Single by David Bowie

from the album Stage
- B-side: "Art Decade"; "Ziggy Stardust";
- Released: 17 November 1978
- Recorded: Either Philadelphia, 28/29 April; Providence, Rhode Island, 5 May or Boston, 6 May 1978
- Genre: Art rock
- Length: 1:52 (Low version) 3:28 (Stage version)
- Label: RCA Victor
- Songwriters: David Bowie; George Murray; Dennis Davis;
- Producer: Tony Visconti

David Bowie singles chronology
| "Beauty and the Beast" (1978) | "Breaking Glass" (1978) | "Boys Keep Swinging" (1979) |

= Breaking Glass (song) =

Song by David Bowie

"Breaking Glass" is a song by the English singer-songwriter David Bowie. It was co-written by Bowie, bassist George Murray and drummer Dennis Davis in September 1976. Originally a track on Bowie's eleventh studio album Low (1977), a reworked version of the song was a regular on the Isolar II Tour. A live version from that tour was used as the lead track on a 7-inch EP to promote his second live album, Stage in 1978. The EP reached number 54 on the UK Singles Chart in December 1978.

In the US, the track "Star" was chosen as the lead track for the live EP (with "What in the World" and "Breaking Glass" as B-sides), but failed to chart, while in Japan, "Soul Love" was released to promote Stage (with "Blackout" as the B-side).

Bowie performed "Breaking Glass" on his Isolar II, Serious Moonlight, Outside, Heathen, and A Reality tours.

== Lyrics ==
The original song was uncompromising even by Lows standards. The fractured lyrics are, like several songs written during Bowie's stay in Berlin, introspective of his dark, drug-filled period living in America in 1975–1976. Its lyrics, when written out, look potentially more like a paragraph than a song, and when separated into phrases, the song has a disjointed feeling. The song is short, less than two minutes, with only one verse.

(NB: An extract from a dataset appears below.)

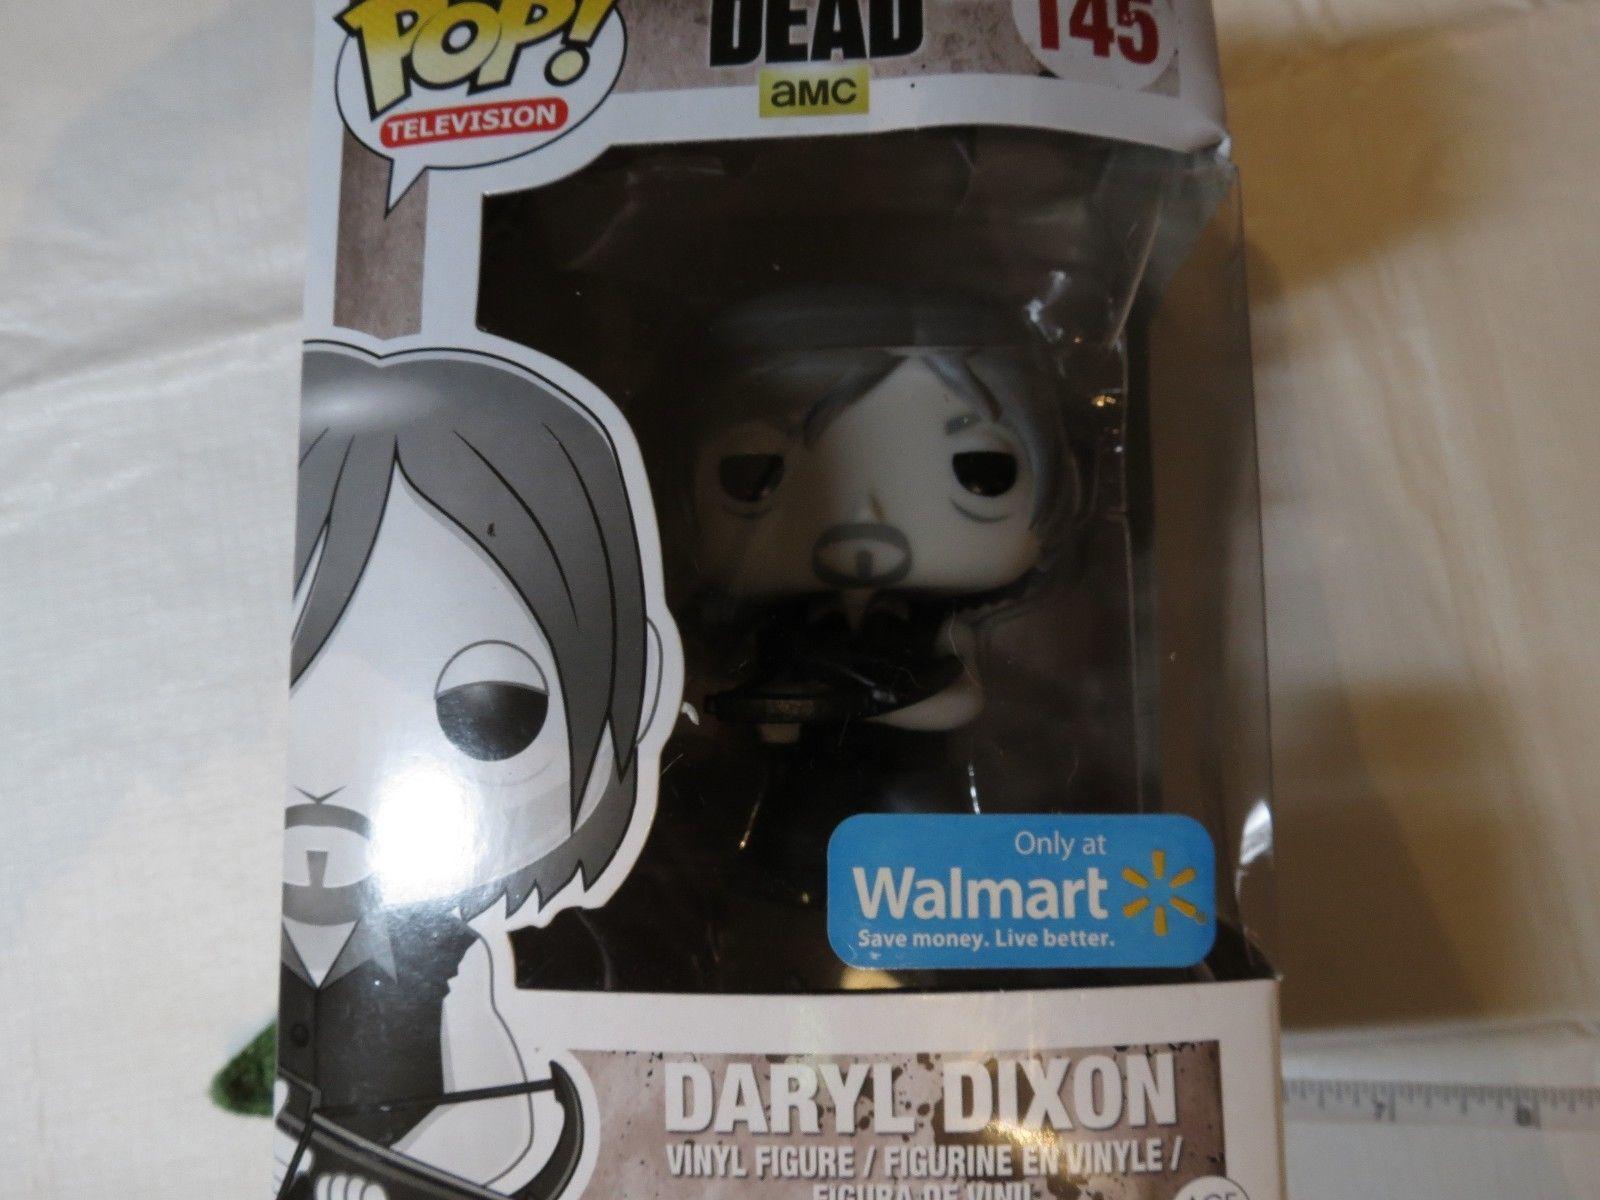 0305b60f3e0 AMC The Walking Dead Daryl Dixon Funko 145 Walmart Pop! Television black  white
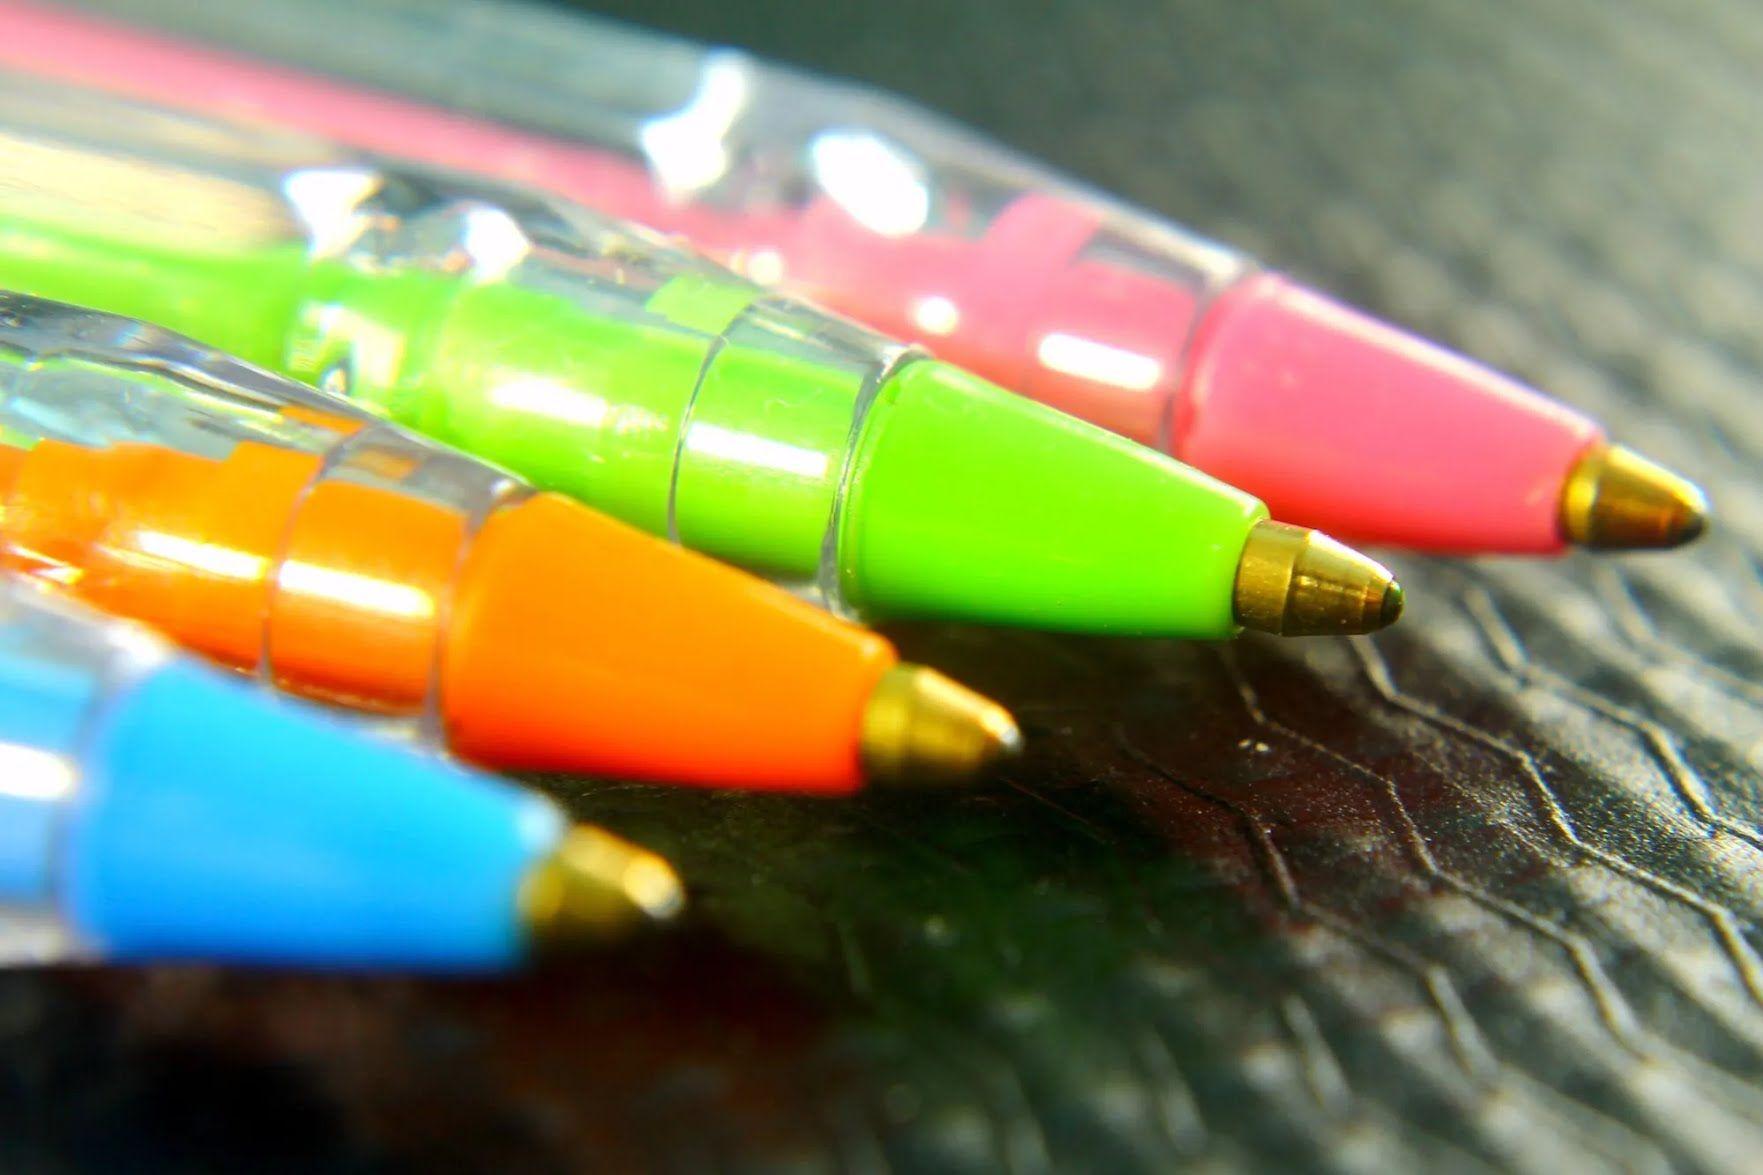 Сучасну кулькову ручку винайшов журналіст з Угорщини Ласло Біро

The lines "Don't look at the carpet; I drew something awful on it" refer to Bowie's practice of drawing the tree of life on the floor during that period, as he was interested in Aleister Crowley and Hermetic Qabalah at the time.

== Track listing ==
1. "Breaking Glass" (David Bowie, Dennis Davis, George Murray) – 3:28
2. "Art Decade" (Bowie) – 3:10
3. "Ziggy Stardust" (Bowie) – 3:32

== Personnel ==
- David Bowie – vocals, production
- Carlos Alomar – lead guitar
- Ricky Gardiner – rhythm guitar
- George Murray – bass
- Dennis Davis – drums
- Brian Eno – Minimoog synthesizer
- Tony Visconti – production

== Live versions ==
- A spring 1978 live version recorded on the Isolar II Tour was released on Stage and on the above-mentioned single. This live version was also released as the B-side of the single "Star" in 1978. A summer 1978 performance from the same tour was included on Welcome to the Blackout, released in 2018.
- A live performance during the Serious Moonlight Tour, filmed on 12 September 1983, was included on the Serious Moonlight concert video (1984) and the identically-named live album included with the Loving the Alien (1983–1988) box set (2018) and released separately in 2019.
- Two separate live recordings of the song, performed during Bowie's 1995–96 Outside Tour, appear on the live albums Ouvre le Chien (Live Dallas 95) (2020) and No Trendy Réchauffé (Live Birmingham 95) (2020).
- A November 2003 live version recorded on the A Reality Tour was released on the A Reality Tour album, in 2010.

== Other releases ==
- The song appeared on the following compilations:
- Chameleon (Holland 1979) (studio version)
- The Best of Bowie (1980) (1978 live version)
- Sound + Vision box set (1989) (1978 live version)
- The Best of David Bowie 1974/1979 (1998) (studio version)
- The Platinum Collection (2005/2006) (studio version)
- It was released as a picture disc in the RCA Life Time picture disc set.
- An extended version of the studio recording of the song, originally released as a single in Australia, was made available in digital and CD formats for the first time in 2017, on Re:Call 3, part of the A New Career in a New Town (1977–1982) compilation.